Monocytes-derived macrophages purity was evaluated using flow cytometry (FACScan). Monocytes were resuspended in 100 µL buffer, pH 7.2 and stained with 2 µL anti-human CD14-PE (1:50) (BD Pharmigen, San Diego, CA, USA [clone M5E2]) for 30 min in the dark at 4 °C.

Differentiated macrophages were resuspended in 100 µL of buffer, pH 7.2, and stained with 2 µL of anti-human CD68-PE (1:50) (BD Pharmigen [clone M5E2]) for 30 min in the dark at 4 °C. Analysis was performed with a Flow Jo 10 software (BD Biosciences, Heidelberg, Germany).

Bacterial growth

P. gingivalis strain ATCC 33277 was cultured as previously described (Blancas-Luciano et al., 2022). Briefly P. gingivalis was cultured in brain-heart-infusion (BHI; BD Biox-on, Milan, Italy) containing 5 mg/mL of hemin (Sigma-Aldrich, Munich, Germany) and 1 mg/mL of menadione (Sigma-Aldrich) under anaerobiosis using the anaerobic BBL-GasPak jar system (BD Biosciences), at 37 °C for 24 h.

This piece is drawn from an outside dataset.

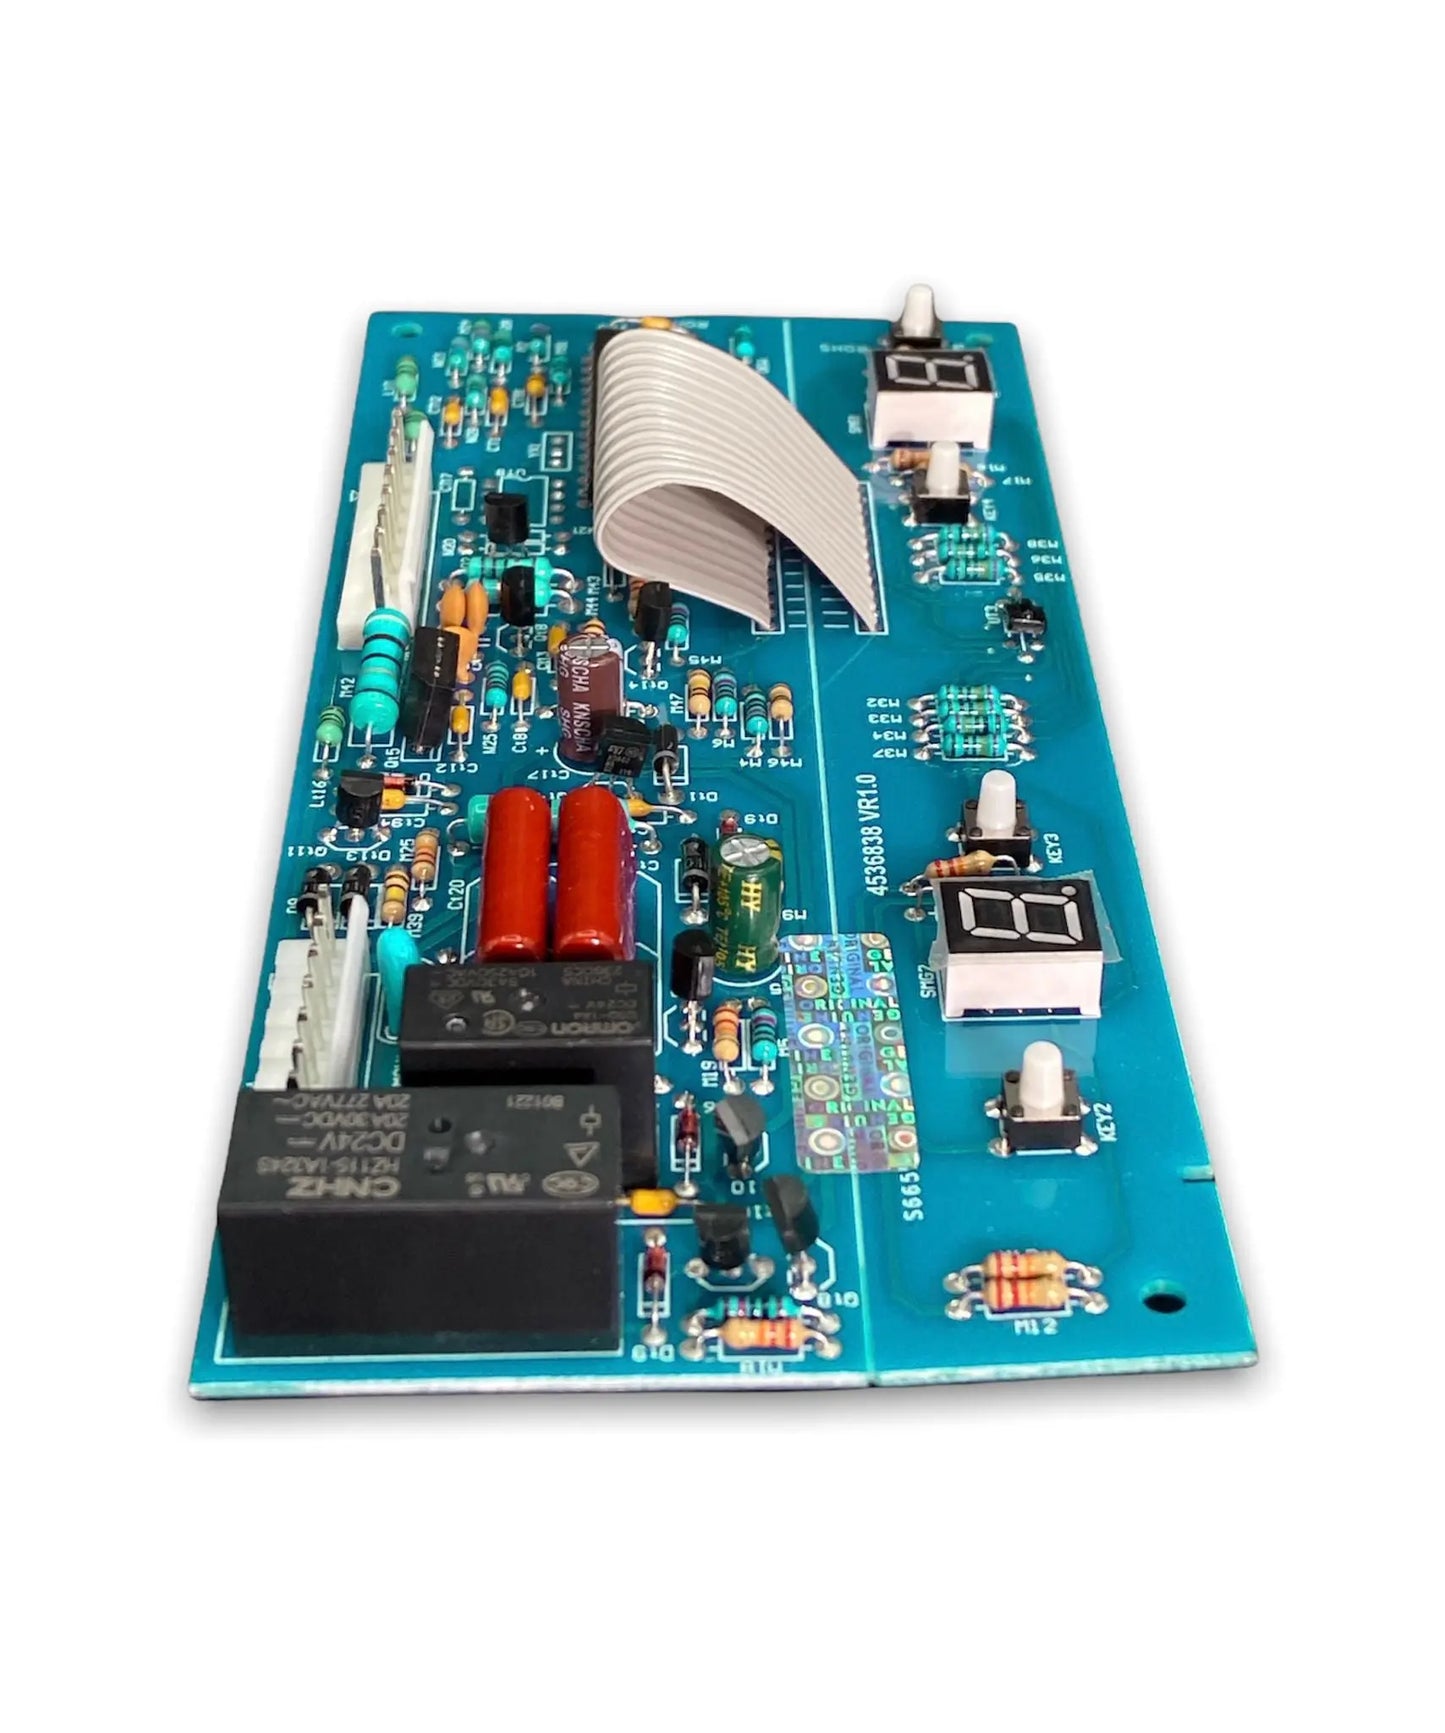 Whirlpool Refrigerator Electronic Control Board - WPW10637328,  REPLACES:  W10637328 4448972 AP6023547 PS11756892 EAP11756892 PD00052920 INVERTEC

After 24 h of culturing, bacteria were harvested by centrifugation for 10 min at 8,200 x g and then washed and resuspended in Krebs-Ringer-Glucose (KRG) buffer (120 mM NaCl, 4.9 mM KCl, 1.2 mM MgSO₄, 1.7 mM KH₂PO₄, 8.3 mM Na₂HPO₄, 10 mM glucose, and 1.1 mM CaCl₂, pH 7.3). Bacterial growth was monitored spectrophotometrically (Jenway Genova R0027; Thermo Fischer Scientific, Waltham, MA, USA) at 675 nm. The bacterial density was visually adjusted to a turbidity of 0.5 McFarland (1 × 10⁸ colony-forming units); (CFU/mL) (Bollela, Sato & Fonseca, 1999; Emani, Gunjiganur & Mehta, 2014).

Cystatin C

We used human recombinant Cystatin C expressed in Pichia pastoris (Sigma Aldrich, St. Louis, MO). It was reconstituted with one mL of buffer Tris-Base NaCl (pH 7.4).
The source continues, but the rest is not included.